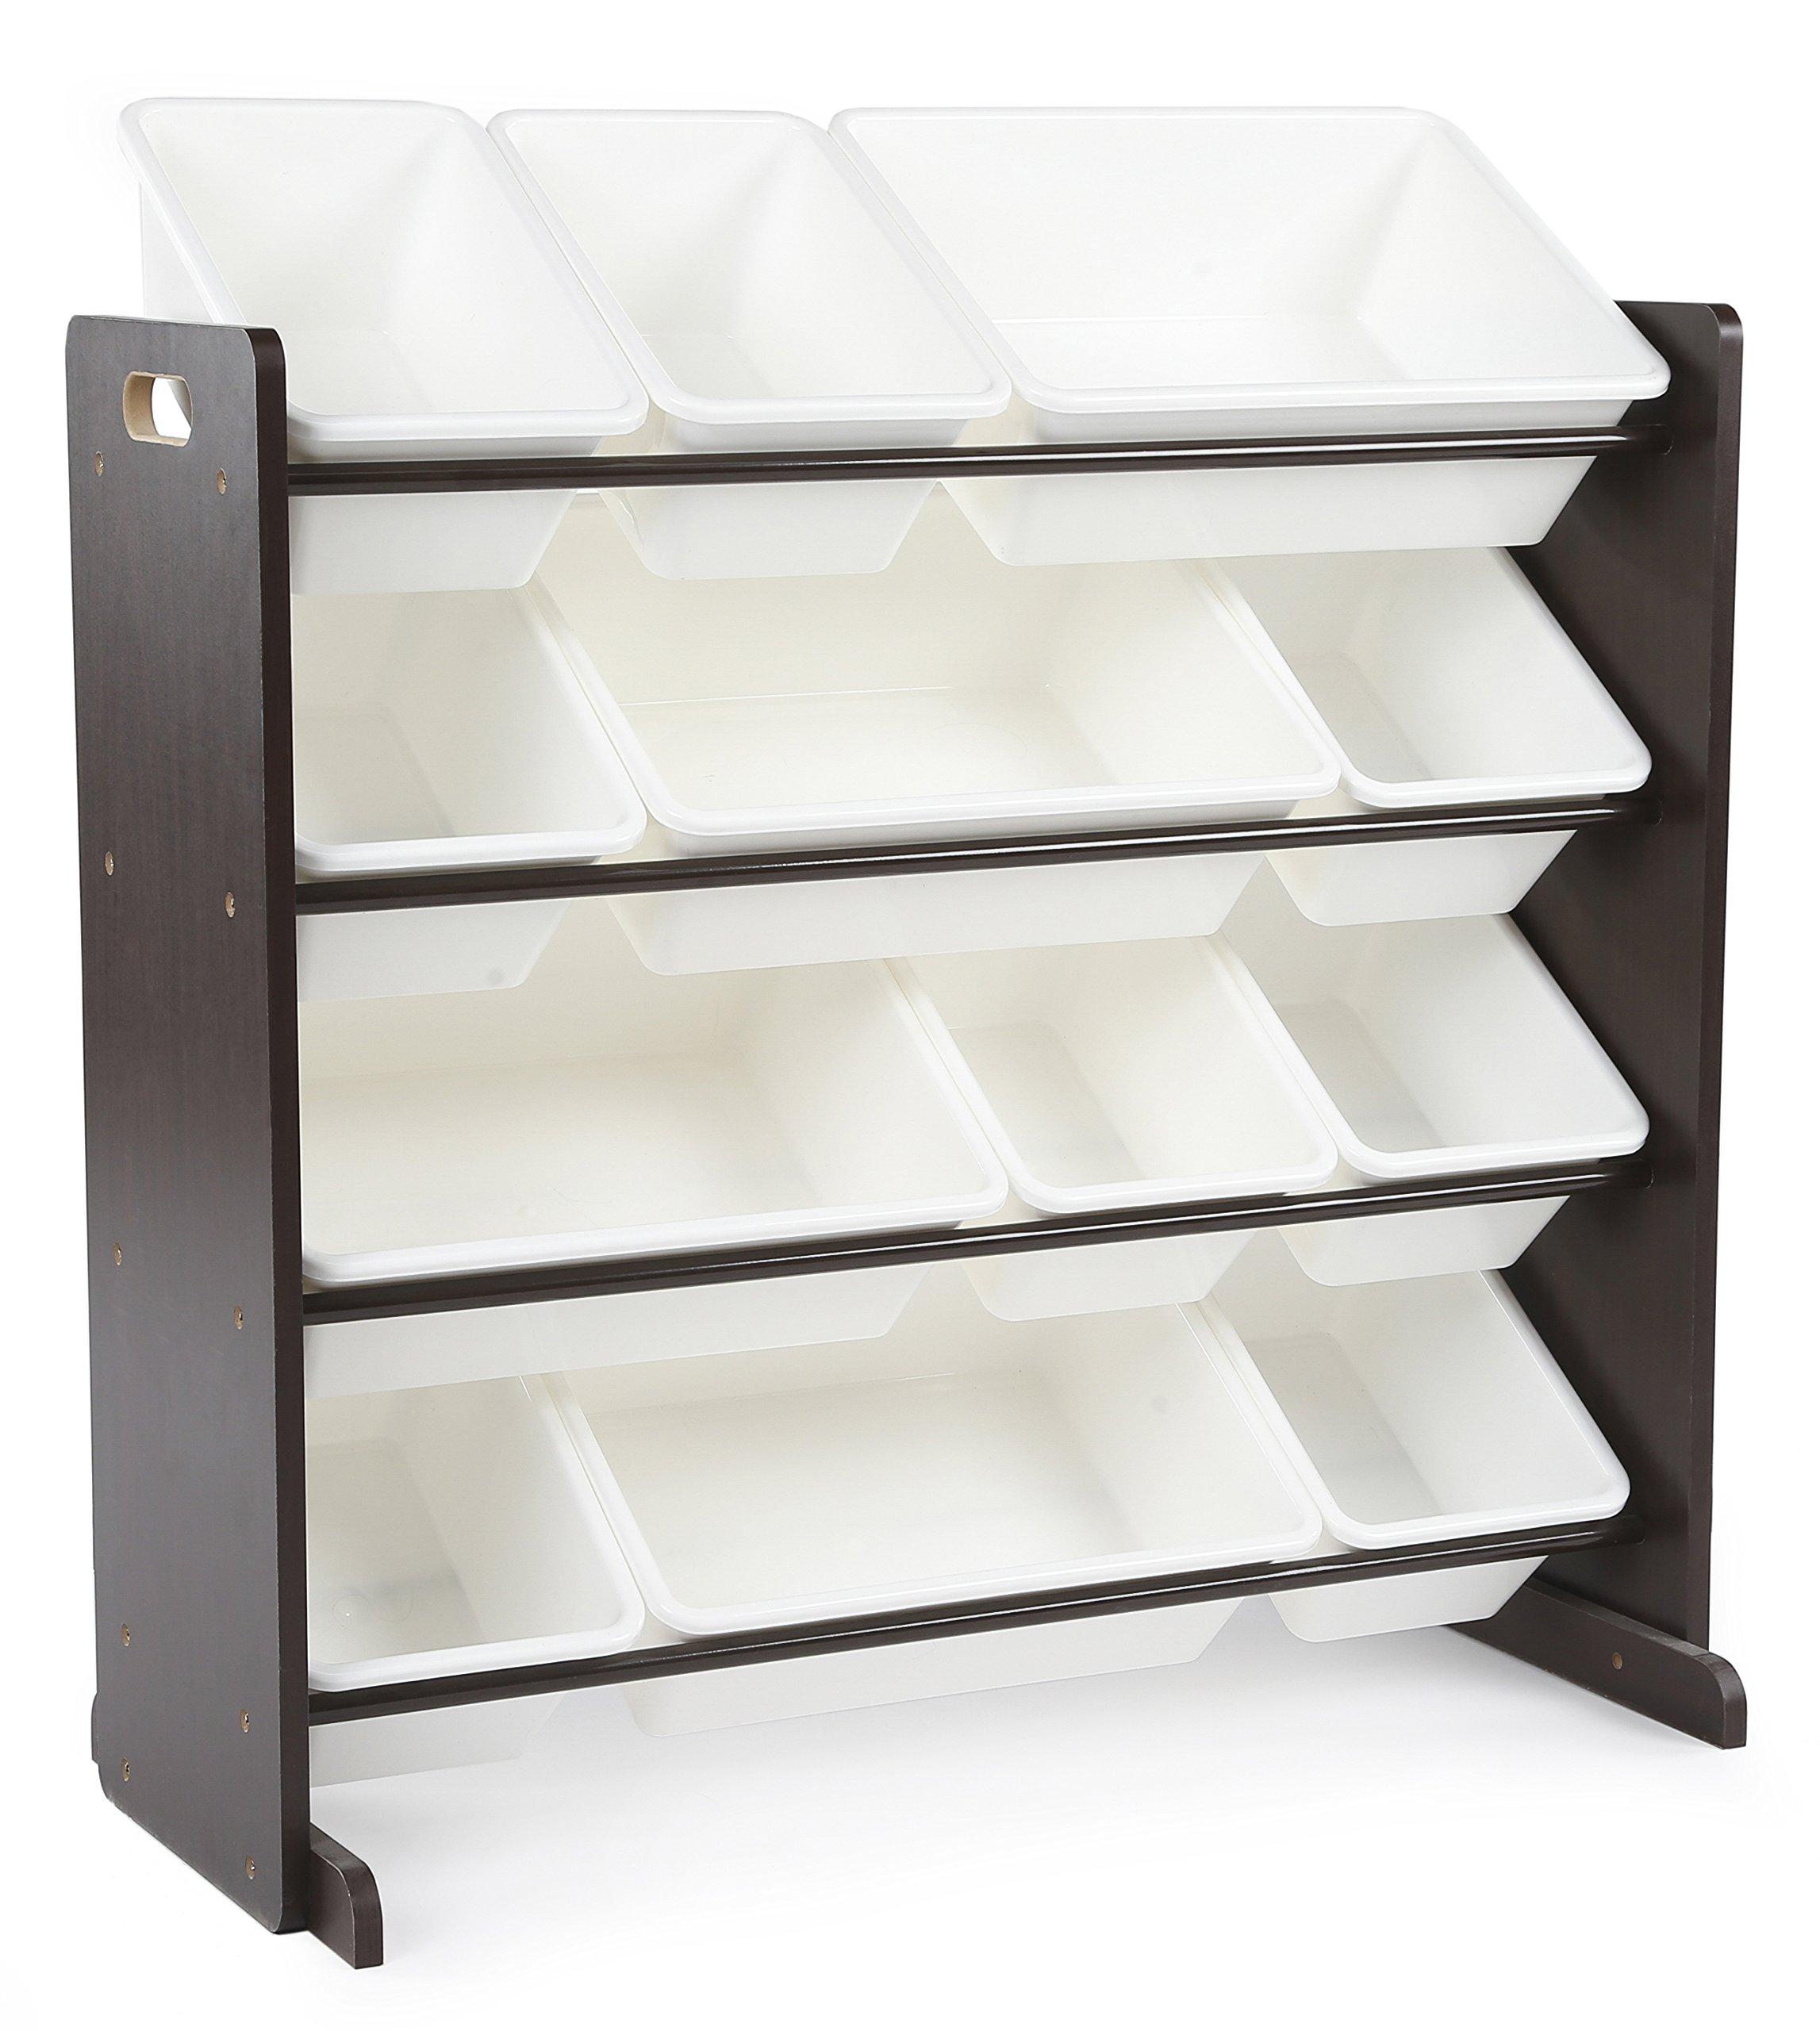 Get Quotations · Tot Tutors Kidsu0027 Toy Storage Organizer With 12 Plastic Bins,  Espresso/White (
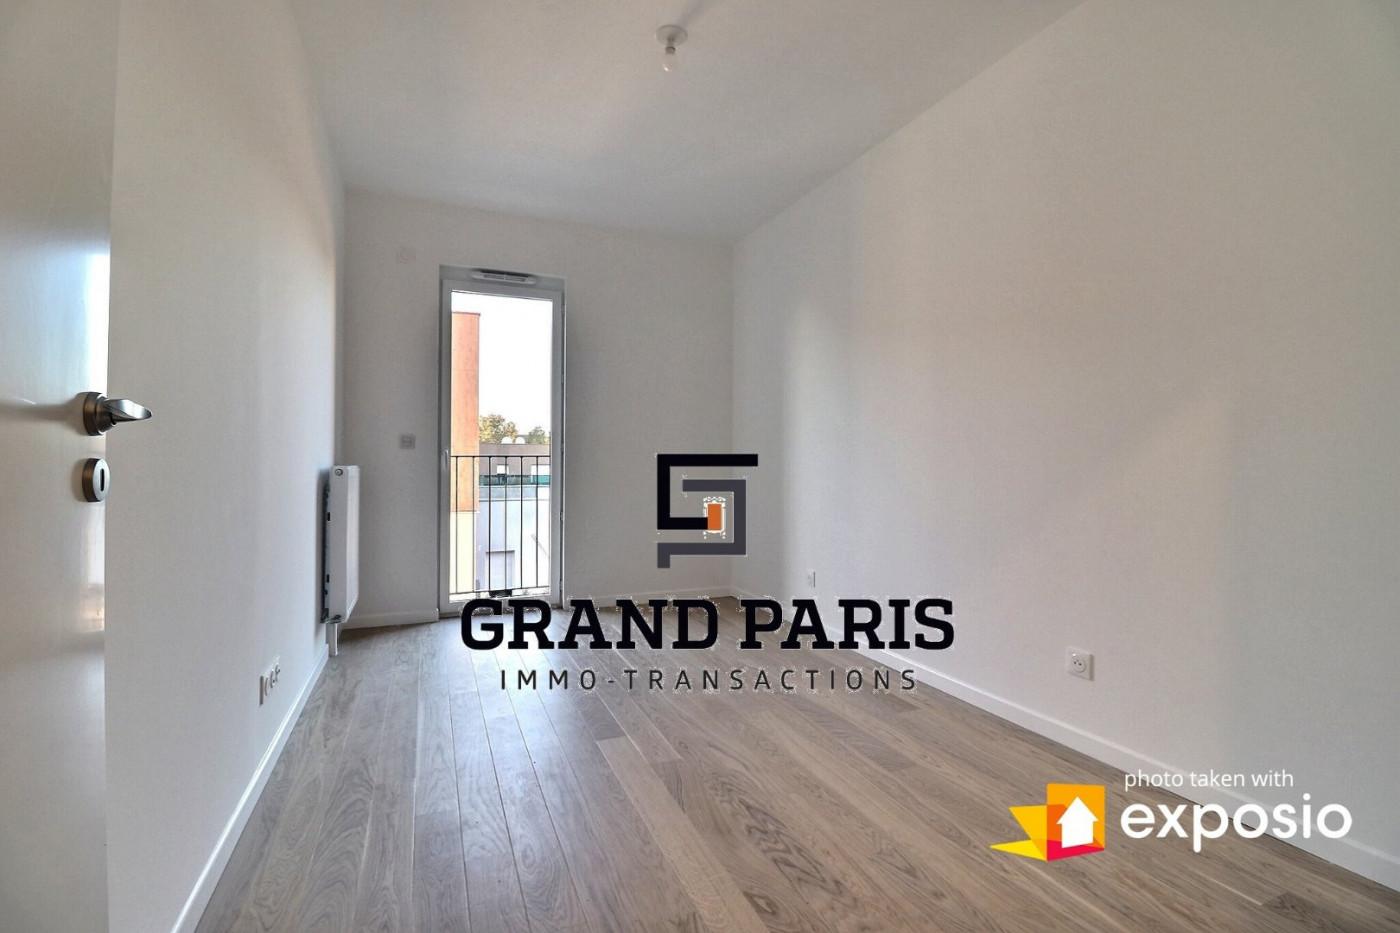 A vendre  Pantin | Réf 93005564 - Grand paris immo transaction
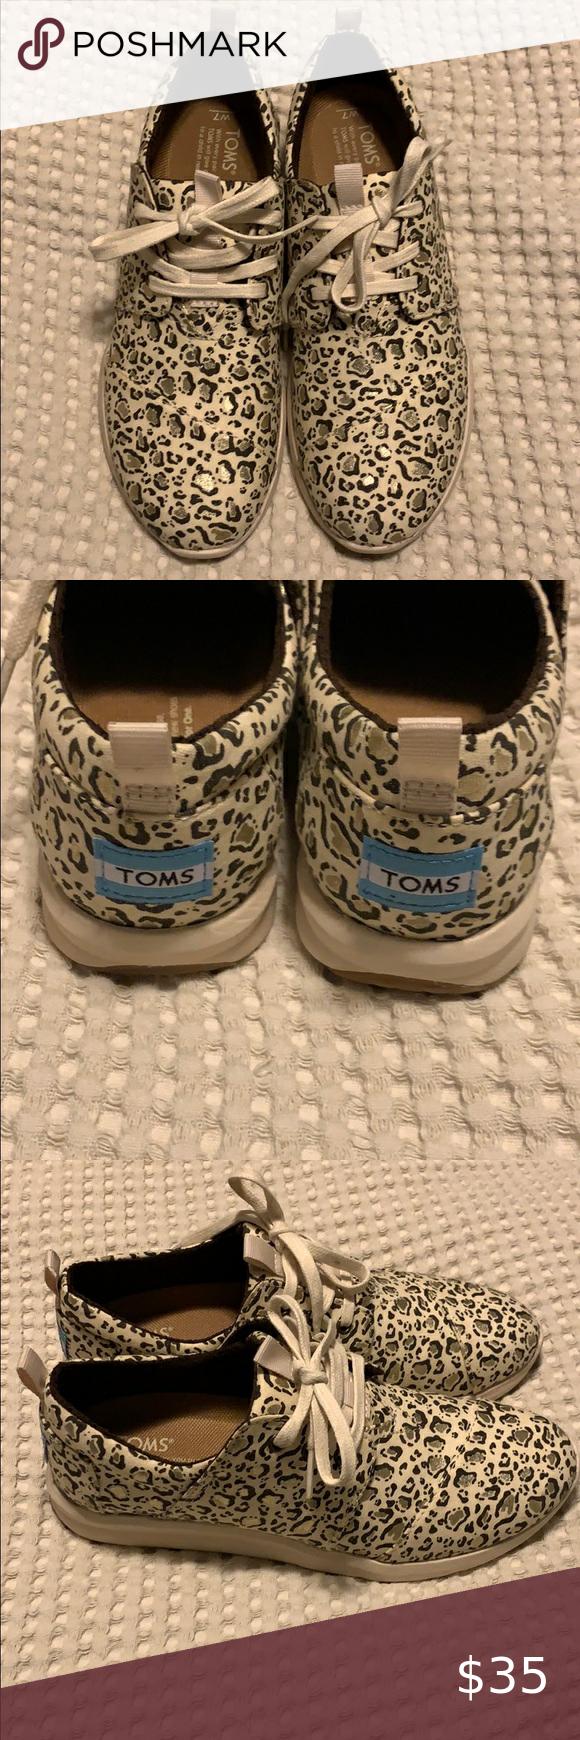 TOMS cheetah print tennis shoes! in 2020 Cheap toms

##############################

▸ **INSTRUCTIONS FOR THE TASK**
Repeat every line above exactly, but omit all images.

▸ **RESULT OF THE TASK**
 Get Quotations · Tot Tutors Kidsu0027 Toy Storage Organizer With 12 Plastic Bins,  Espresso/White (
 A vendre  Pantin | Réf 93005564 - Grand paris immo transaction
 TOMS cheetah print tennis shoes! in 2020 Cheap toms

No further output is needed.